__WHAT THE TASK REQUIRES__
The expected answer is the set of lines in the data below between the line holding "Spykar Blue Super Skinny Fit Low Rise Clean Look Stretchable" and the line holding "Bride and groom", inclusive, written out exactly.

BEGIN DATA

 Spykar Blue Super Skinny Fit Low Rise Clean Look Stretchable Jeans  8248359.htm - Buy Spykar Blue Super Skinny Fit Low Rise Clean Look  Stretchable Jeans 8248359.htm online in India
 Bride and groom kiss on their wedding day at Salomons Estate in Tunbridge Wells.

END DATA
BEGIN DATA

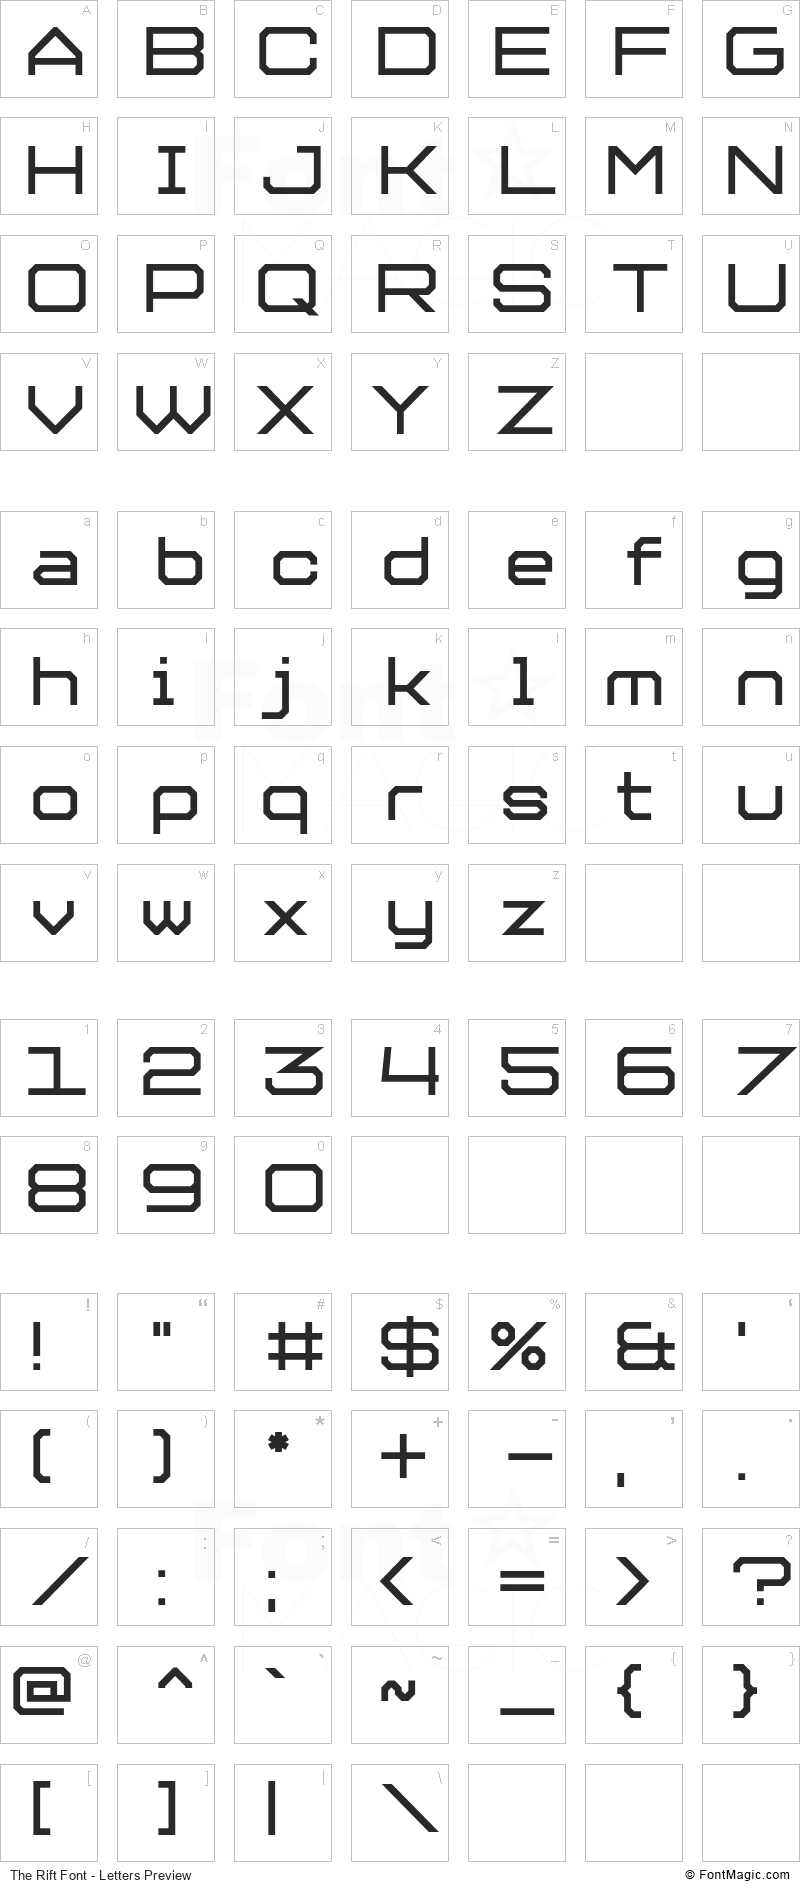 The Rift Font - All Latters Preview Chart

END DATA
BEGIN DATA

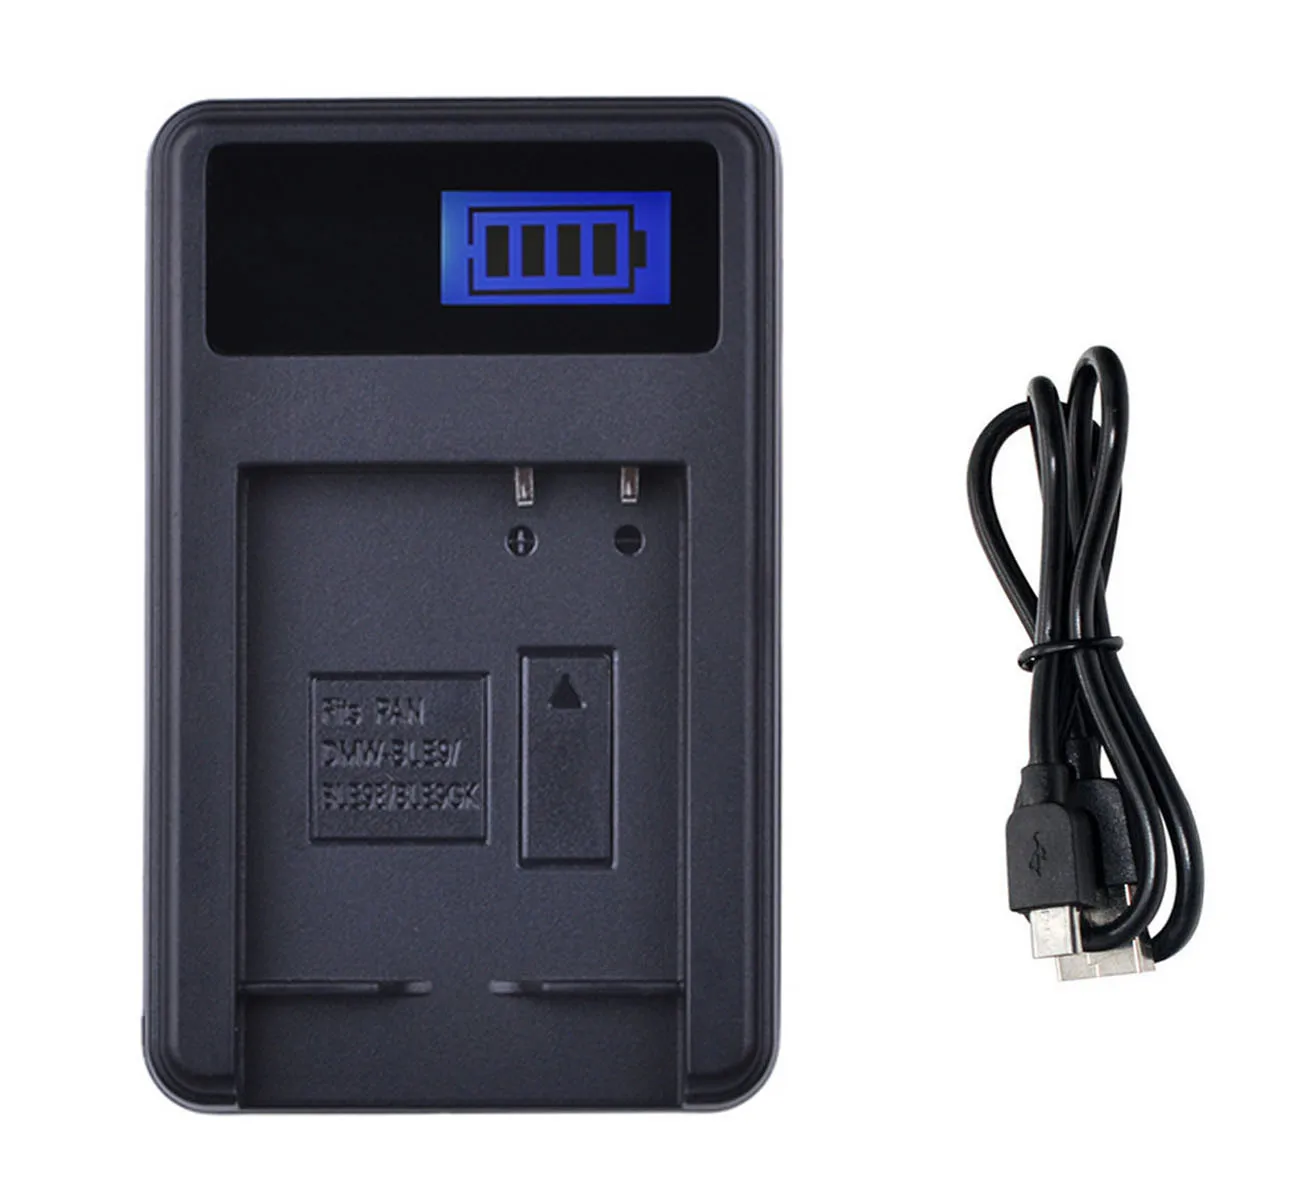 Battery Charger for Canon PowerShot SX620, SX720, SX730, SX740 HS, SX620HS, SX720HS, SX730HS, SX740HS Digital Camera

END DATA

__EXERCISE RESULT__
 Spykar Blue Super Skinny Fit Low Rise Clean Look Stretchable Jeans  8248359.htm - Buy Spykar Blue Super Skinny Fit Low Rise Clean Look  Stretchable Jeans 8248359.htm online in India
 Bride and groom kiss on their wedding day at Salomons Estate in Tunbridge Wells.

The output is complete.